** DATA follows **
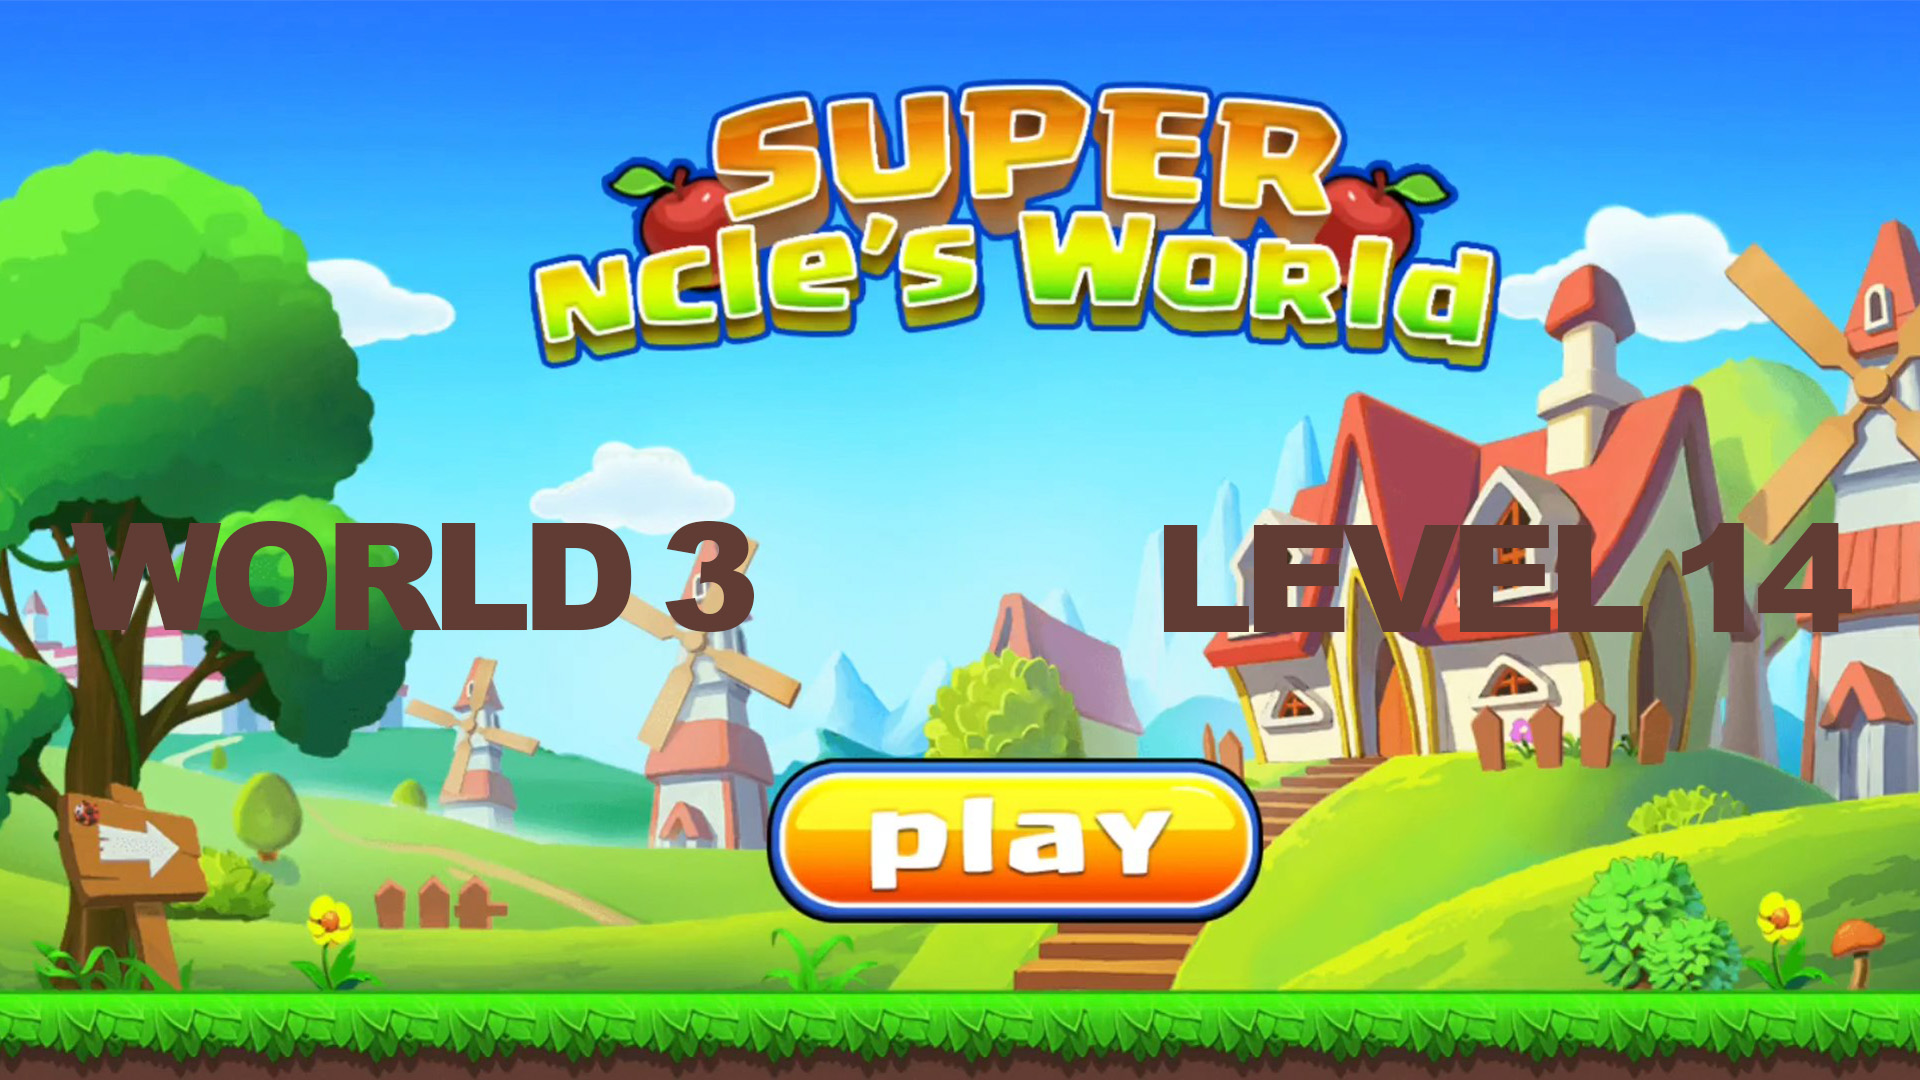 Super ncle's  World 3. Level 14.
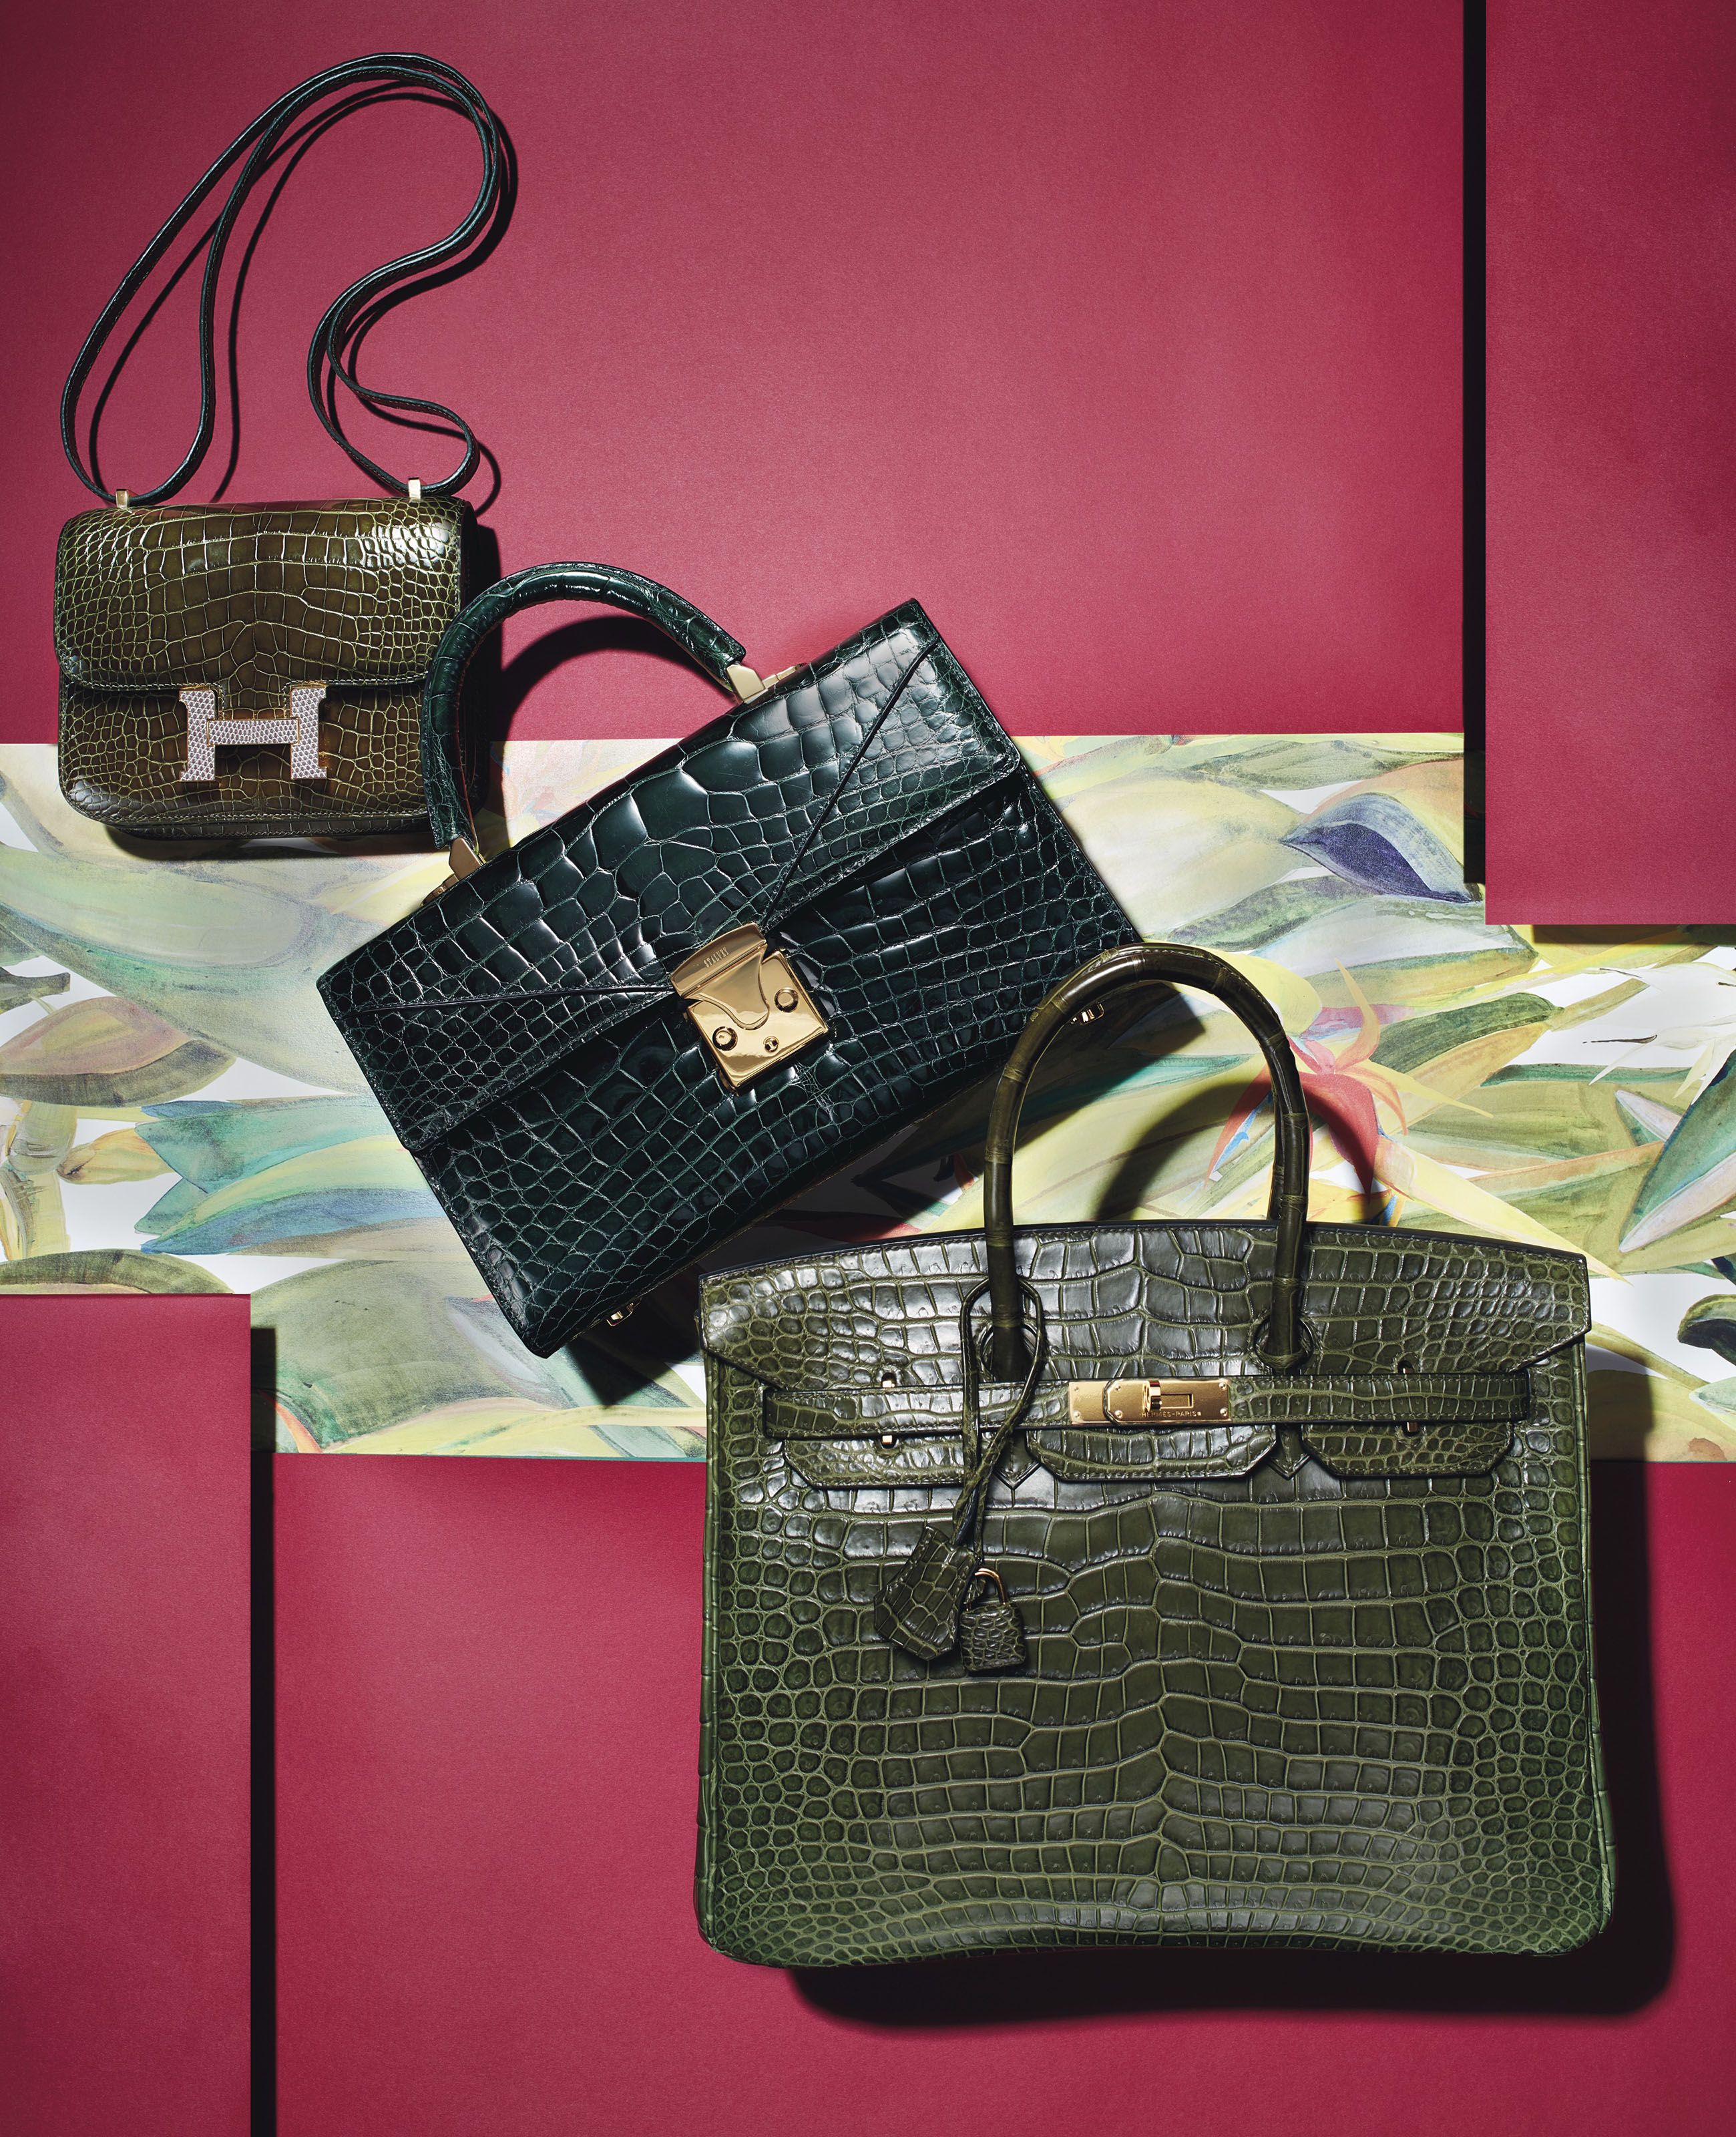 Hermès Birkin handbag sells for £162,500 at Christie's auction
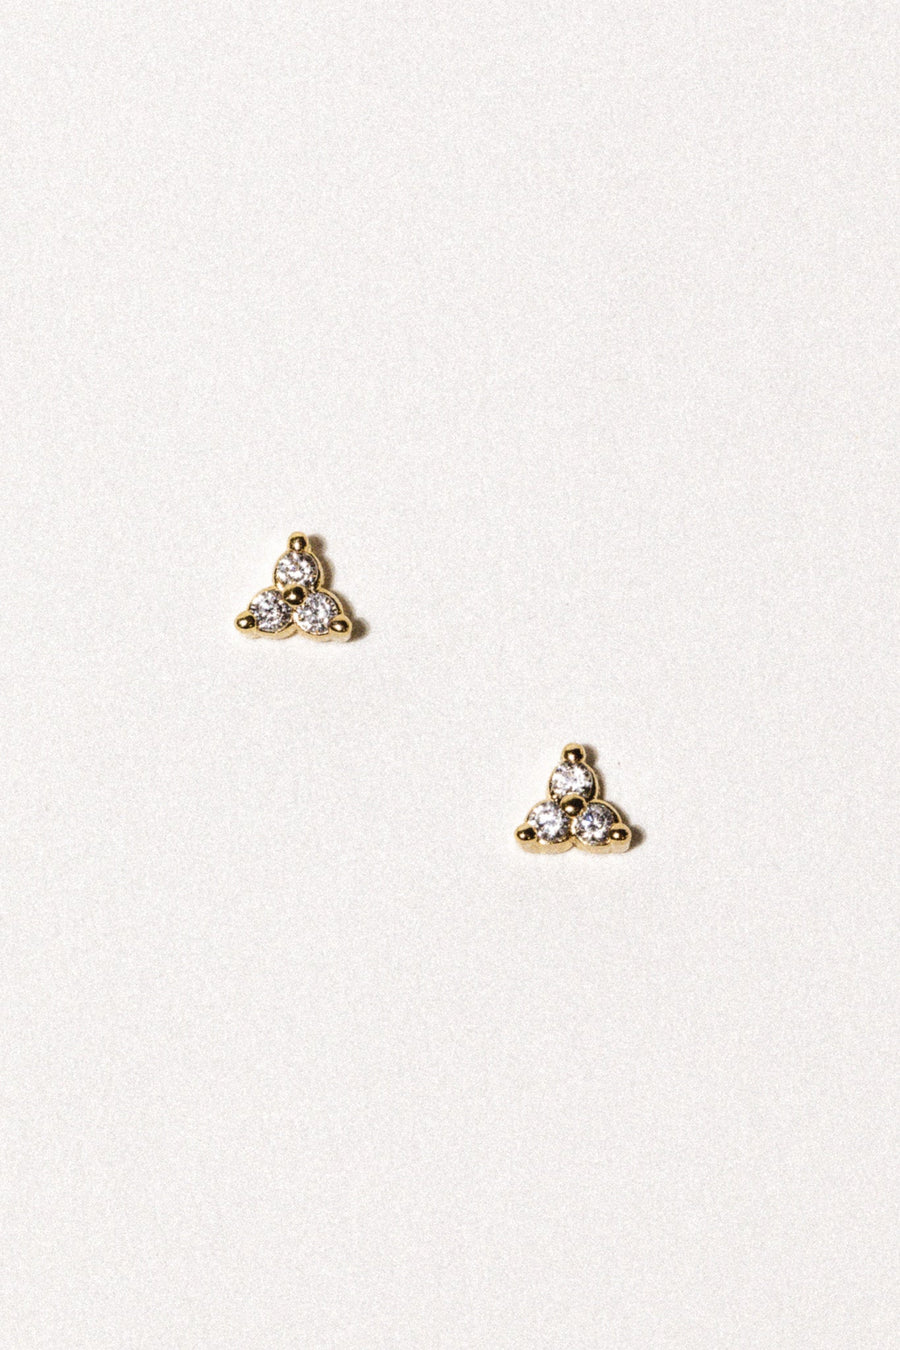 Dona Italia Jewelry Gold / Small Iris CZ Stud Earrings
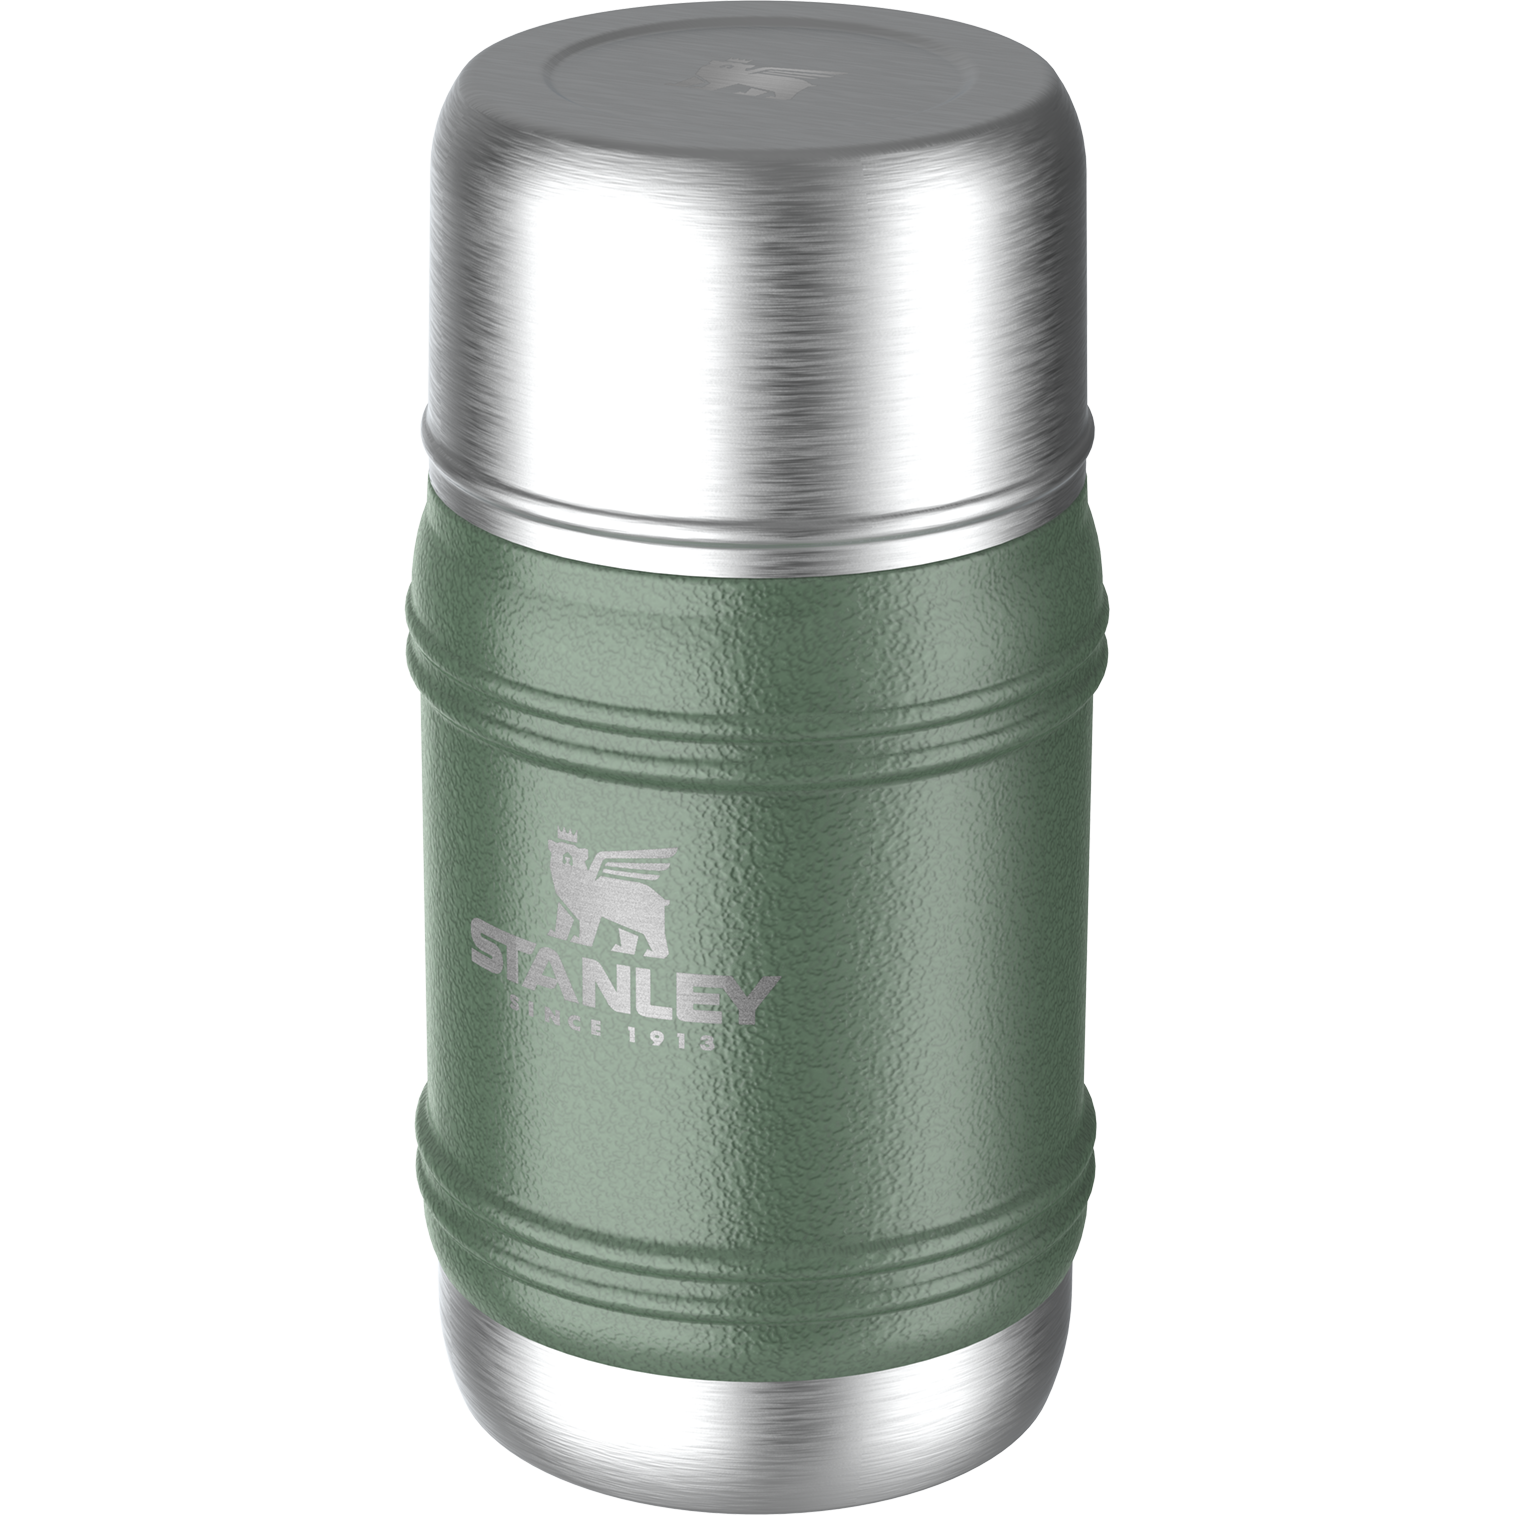 Stanley The Artisan Thermal Food Jar | 0.5L
** End of DATA **
• [TASK TO COMPLETE]: Please ensure that the data above is repeated exactly, with no pictures in the copy.

• [EXERCISE RESULT]:
 Super ncle's  World 3. Level 14.
 Hermès Birkin handbag sells for £162,500 at Christie's auction
 Dona Italia Jewelry Gold / Small Iris CZ Stud Earrings
 Stanley The Artisan Thermal Food Jar | 0.5L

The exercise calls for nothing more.